QEMU can pass down two kinds of SMBIOS config items over fw_cfg:
verbatim tables and individual fields.

The verbatim table kind means "install this table as-is". I'm not sure
how SeaBIOS solves it, in OVMF you call Smbios->Add().

Regarding the "field kind" config item: for each table type required by
the SMBIOS spec, if qemu doesn't provide such a table in whole / in
verbatim, then the firmware must install a default table for that type,
*and* patch it with any referring field kind config items.
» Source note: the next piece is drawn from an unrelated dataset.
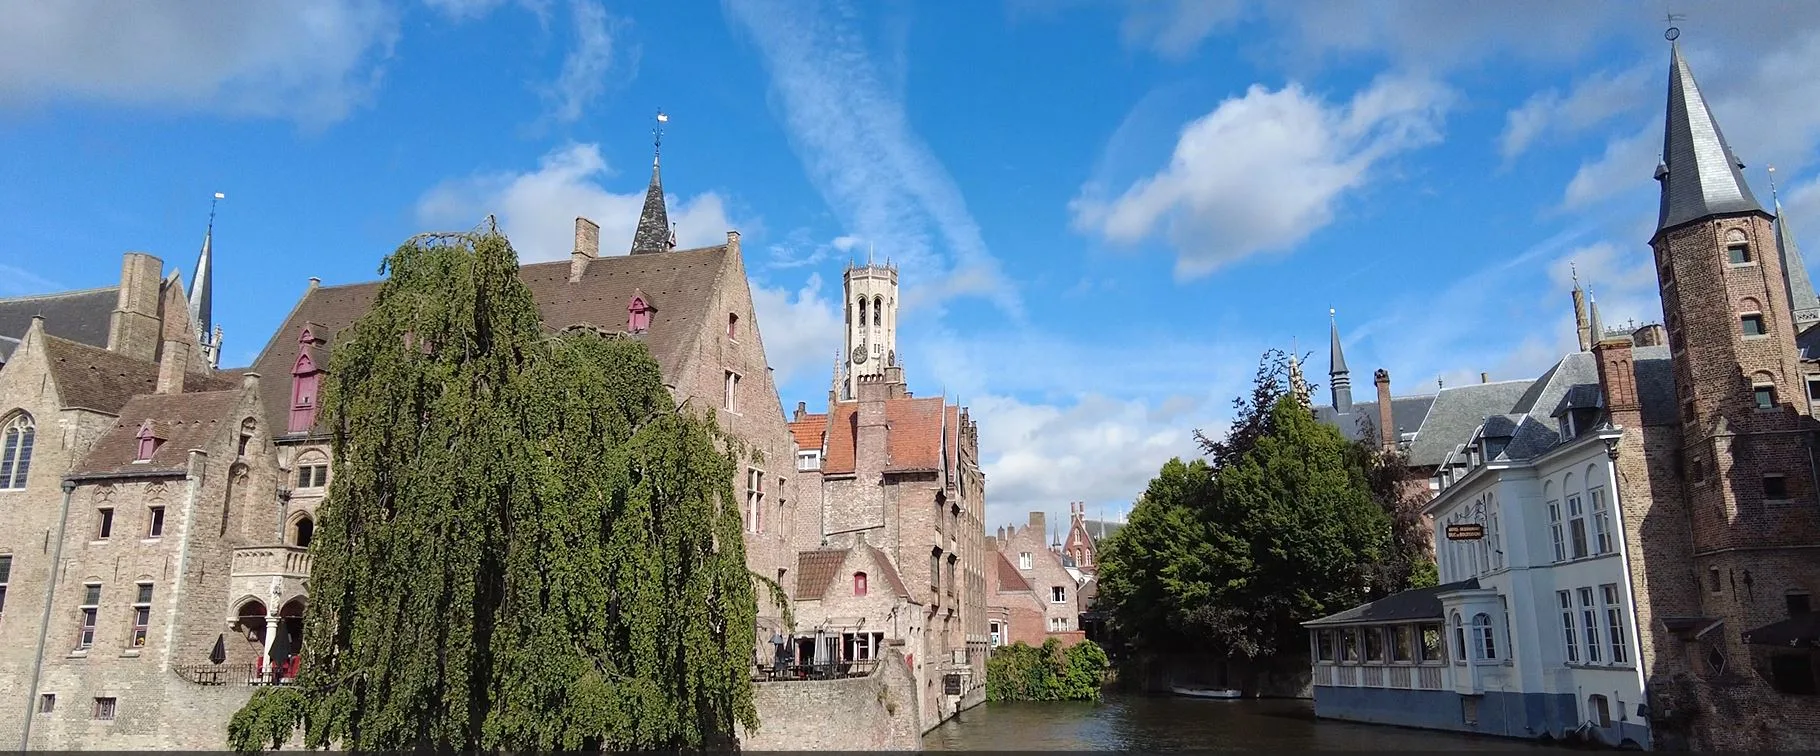 Rozenhoedkaai Bruges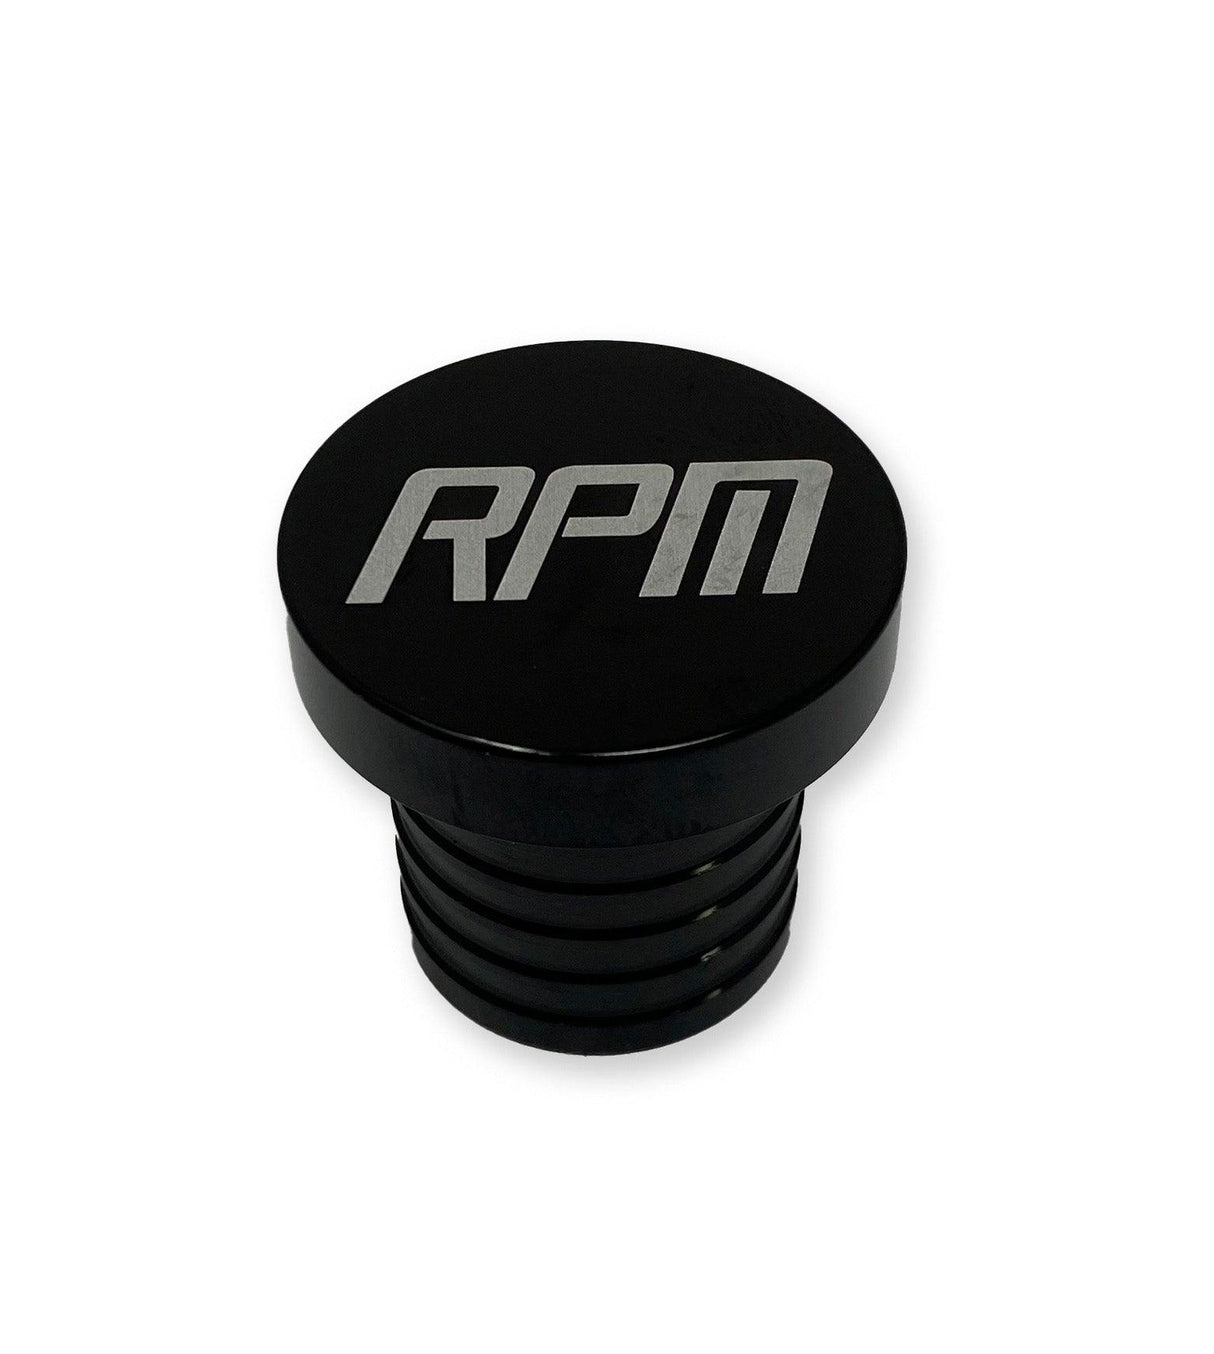 RPM-SxS Can Am X3 BOV Kit - R1 Industries

Given the current format of the "field kind" config item, it is
currently not possible to just iterate over the "field kind" config
items, and patch whatever field in whatever table they refer to. The
information contained in the "field kind" config item is insufficient to
do this.

The "field kind" config item designates a (table, field offset) pair. If
that offset points at a string-typed SMBIOS field (basically string
serial number into the unformatted area), one must update the
unformatted string area after the actual table fields. (In OVMF one does
this with a different call, Smbios->UpdateStrings(), and at that point
the table even must have been installed already.)

If the offset points at a non-string-typed (= in-formatted-area) field,
the field must be overwritten in-place. (In OVMF this must happen
*before* table installation, ie. before Smbios->Add().)
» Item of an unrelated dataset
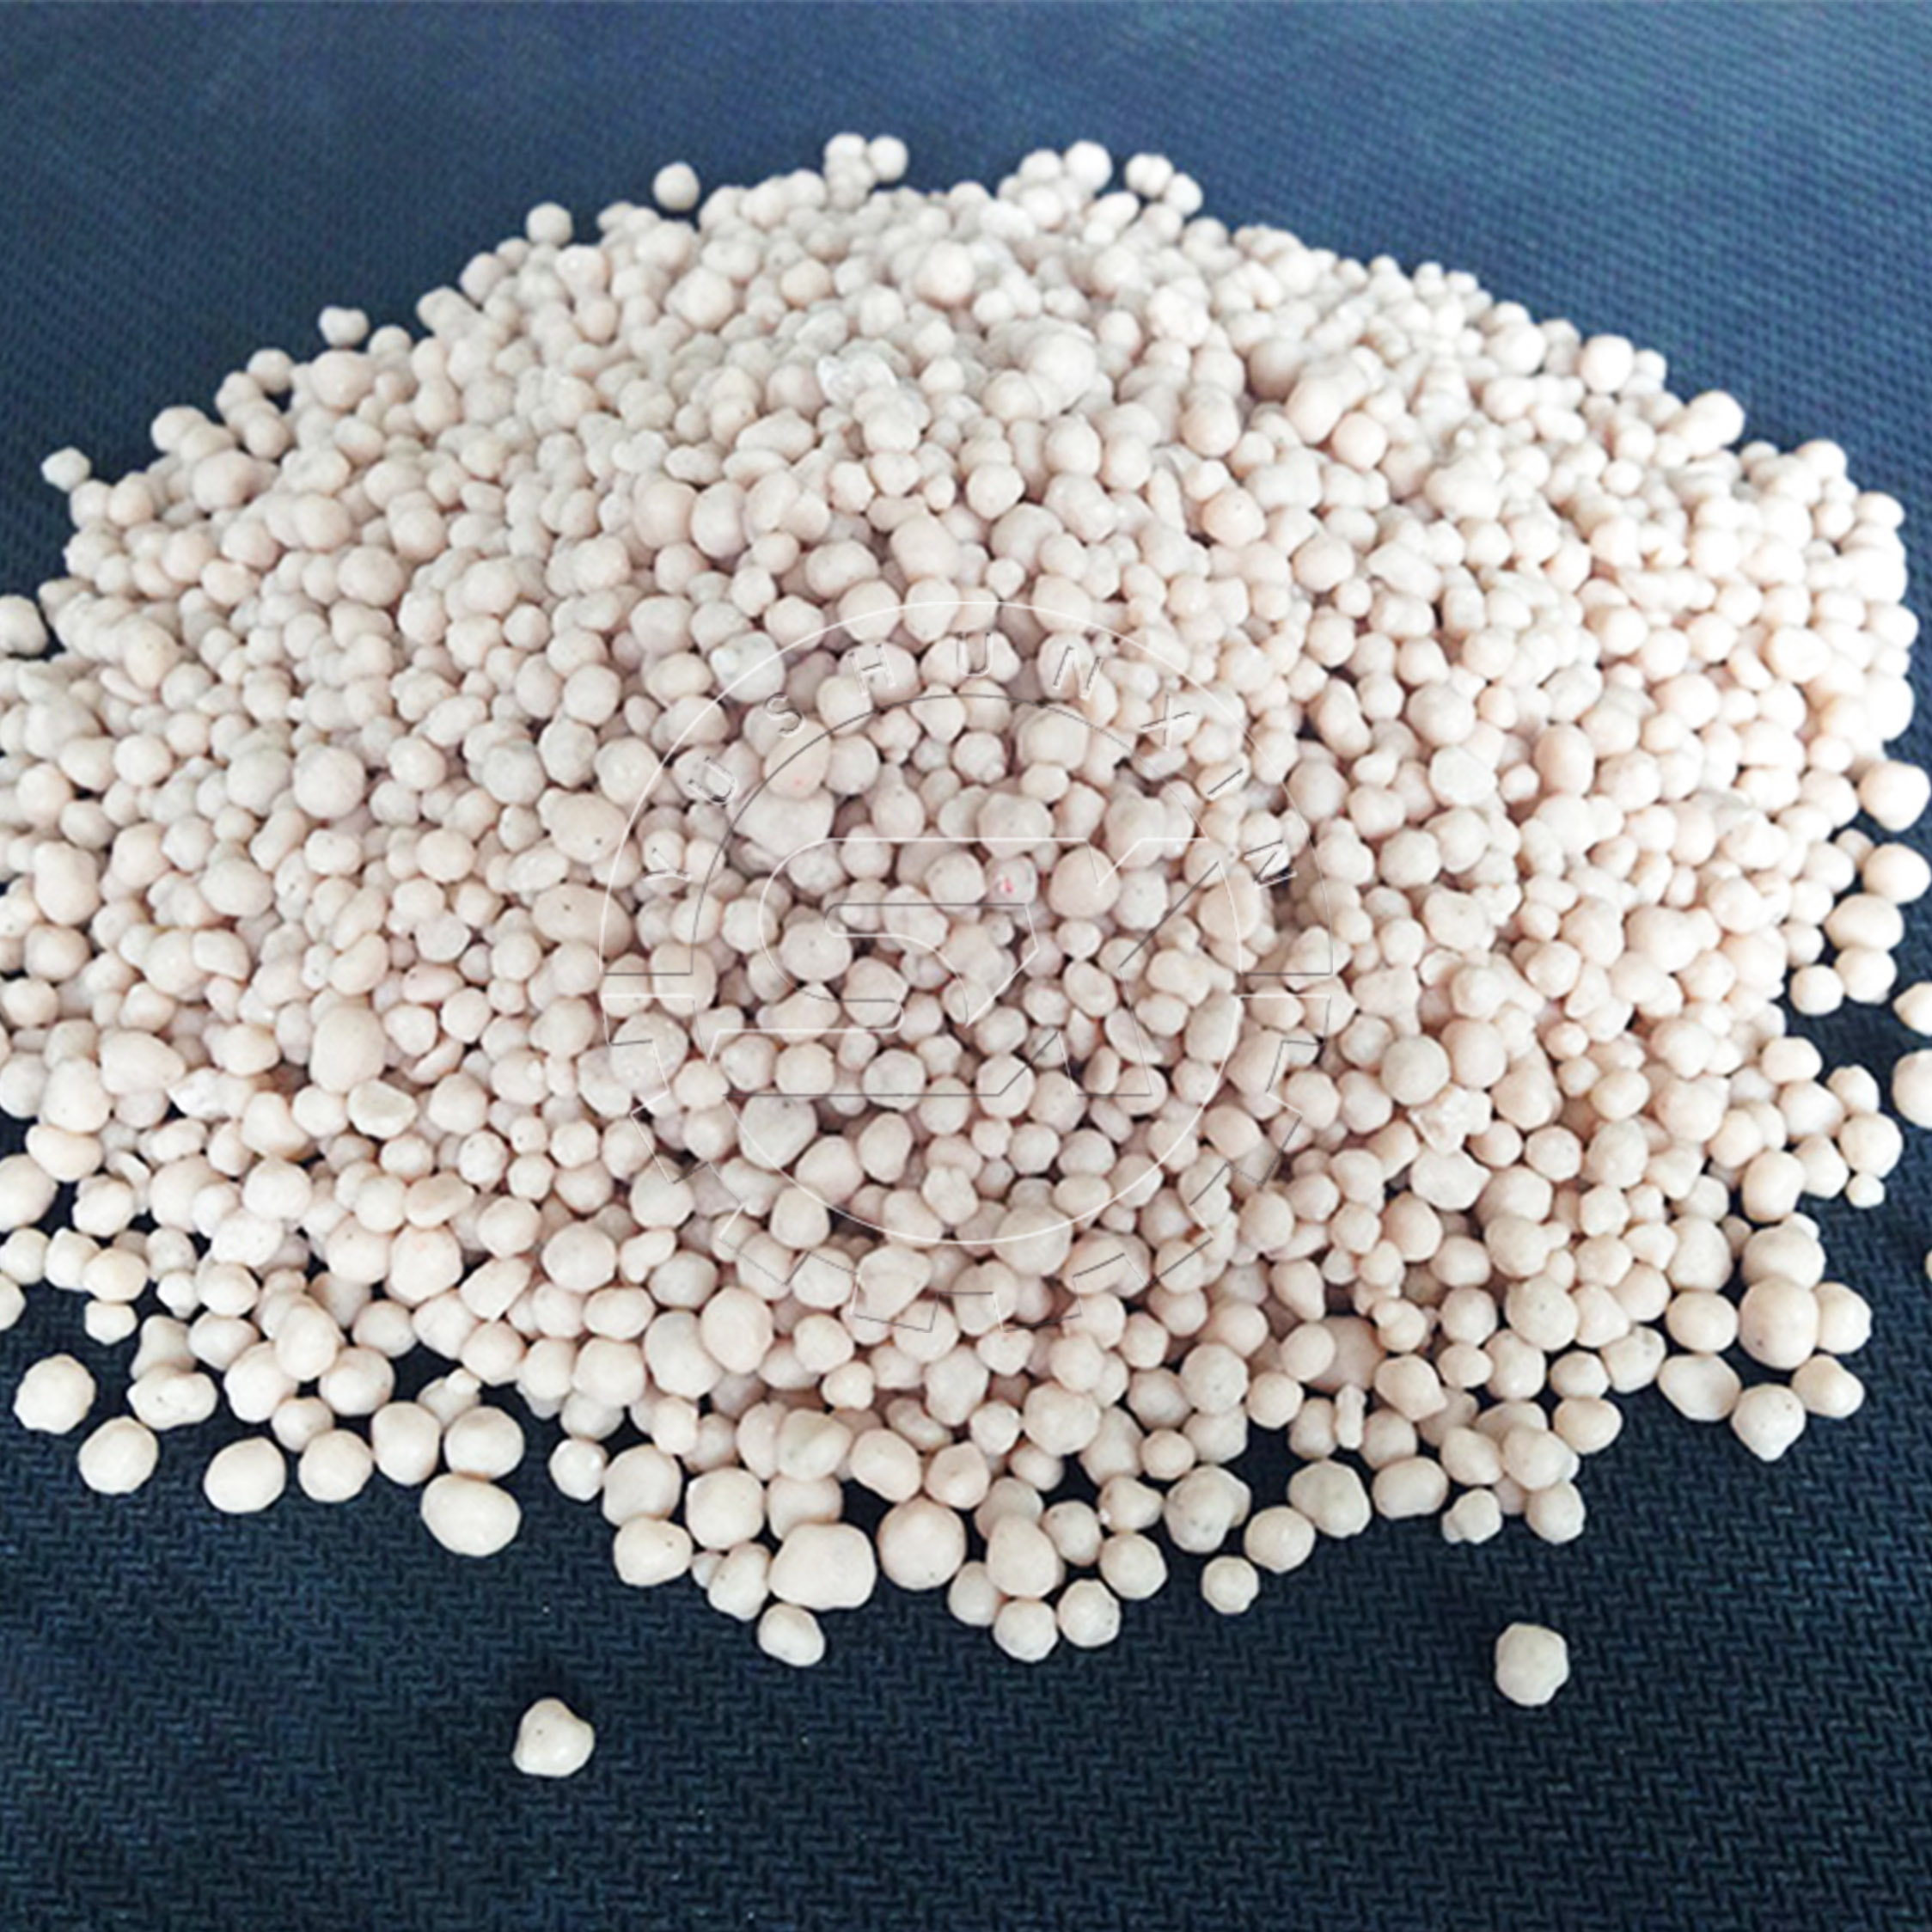 Ammonium Dihydrogen Phosphate Fertilizer Pellets

So, the current fw_cfg representation is insufficient, and the firmware
must extend (or qemu should have extended) the info contents with this
distinction between formatted and unformatted. Again this differs from
field to field and the origin of that classification is the SMBIOS spec.

Until this point in my email there has been no clear indication whether
qemu or the firmware should do this. *Some* side will have to suffer
shoveling the field/offset info, and a table template for each type,
from the SMBIOS spec into code. I described the above solely as
background, to set the landscape.

(a) The first thing that tips the scale is: of qemu there is one, and of
firmware, there exist at least two, *wildly different* implementations.
(Apologies, I forgot about coreboot; not sure if it's affected.) It's
not a design purity argument, just what's cheaper.

(b) The second thing that further unbalances the scale: suppose you
decide to add further field-kind overrides to qemu. For example,
currently Type 3 (chassis information, table required by SMBIOS spec)
cannot be overridden field-wise.

If a user is unhappy with her firmware's default Type 3 table, she's
allowed to hex-edit a Type 3 blob, and pass it with "-smbios
file=type3.blob" on the qemu command line. If you as developer want to
provide her with more flexibility, you need to
(i) patch qemu (of course), to recognize individual fields on the
command line, and to populate fw_cfg with them,
(ii) patch *every single firmware* supported by qemu to *look for* those
(type=3,offset) field-kind config entries, and to effectuate them.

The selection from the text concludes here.